There are many languages in the world and they all have a structure for their concepts. Let’s break apart and put back together what we need to help our learners know about English morphology.
The same steps used to describe phonology are used for morphology: discrete units, categorize the units, classify the units and find the dependencies.
Morphemes: the smallest groupings of letters that give a concept. Some folks refer to them as the building blocks of words. For example, the word “brick” – you know, the rectangular red things many house and schools are built out of is a single morpheme. But an “s” is also a morpheme since when applied to brick it means more than one.
What’s important: Our learners who can recognize, separate them and then recombine these smaller parts and make connections have a better chance of increasing their vocabulary.
Categorize the Units
There are two units of morphemes: free and bound.
In the example above, brick, is a free morpheme – it has a meaning all by itself but the ~s is a bound morpheme since it is reliant upon or tied to something else to make sense.
As a general rule, most affixes are bound morphemes.
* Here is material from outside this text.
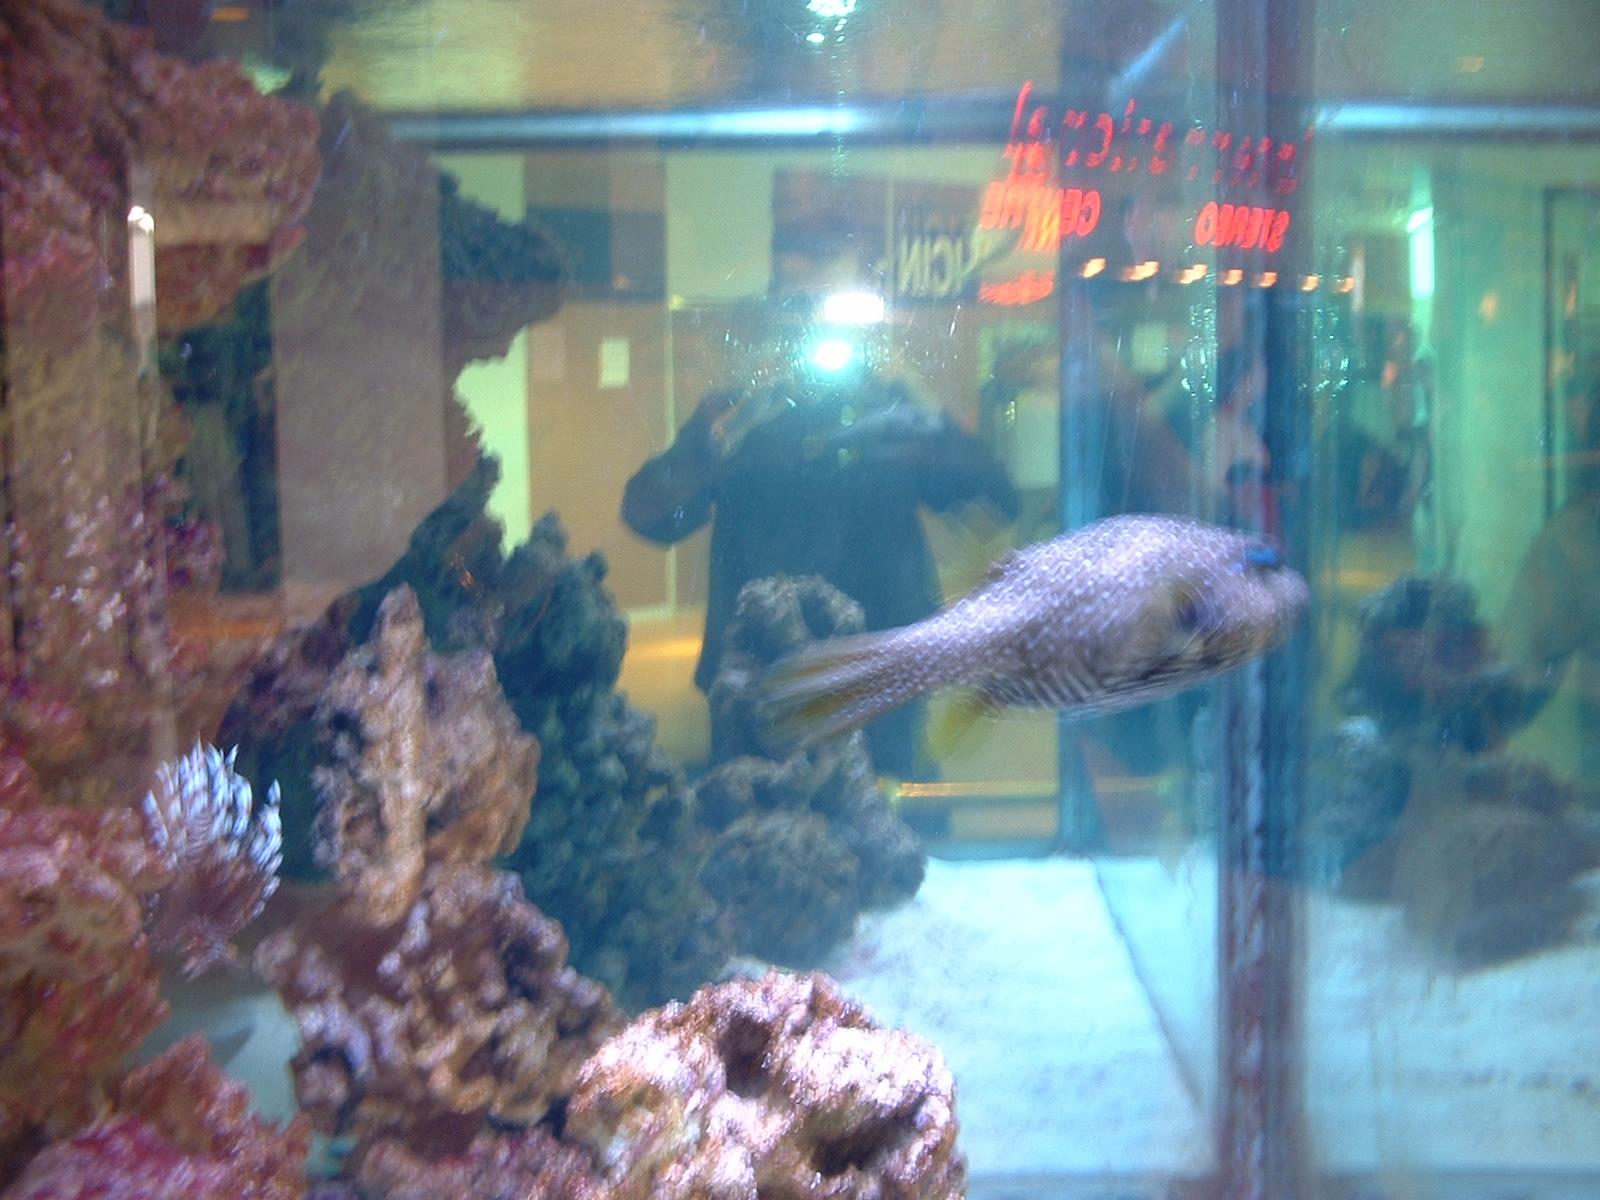 Fish aquarium edmonton - Fish Aquarium Edmonton

They are added to other words and cannot stand alone. Here’s where it gets fun; there are two types of affixes (yes – prefix and suffix, but you know about those already).
Inflectional affixes refine the meaning of a word without changing how it behaves in a sentence. Add an ~s to brick, rabbit or chocolate and you still have the same thing, just more of them (bricks, rabbits, chocolates).
Derivational affixes change the meaning or the way a word functions in the sentence. Derivational affixes can be prefixes (un+happy) or suffixes (kind+ness).
What’s important: Helping learners differentiate between morphemes that can stand alone and others that cannot plus how they change, modify or refine a word when they are put together.
Group the Units
There are four groups of morphemes: simple, complex, compound, and compound-complex. Yes, just like types of sentences and they follow similar patterns. Words with one morpheme like brick are simple. When the word uses a free morpheme and a bound morpheme like bricks, it is complex. When the word is a combo of two free morphemes it is compound, ex: hotdog. Finally, when the word contains two free and one or more bound morphemes, it is compound-complex, hotdogs. Look familiar?
What’s important: Knowing the different grouping units and practicing them with your learners. And make it fun. Metacognitive think-alouds are a great way to help learners practice and work through these four groups.
These basic patterns are easy.
A bound morpheme must have a friend – a base or root to make sense. Likewise, a prefix must have a friend – a base or root to form a word.
You can add one or more affix to a base or root, but the inflectional suffixes come before the derivational. For example: learners learn+er+s.
What’s important: Practice, practice and more practice. Model metacognitive thinking and reason for students and have them talk it out with you, their classmates and themselves.
Remember: It takes time to teach morphemes, prefixes, suffixes, roots, bases and all the things that get put together to form a word. It takes time, practice, repetition and more practice. It also takes seeing the words in context with other words and helping learners understand the nuances and patterns in forming and taking apart words to make meaning of all those letters on the page.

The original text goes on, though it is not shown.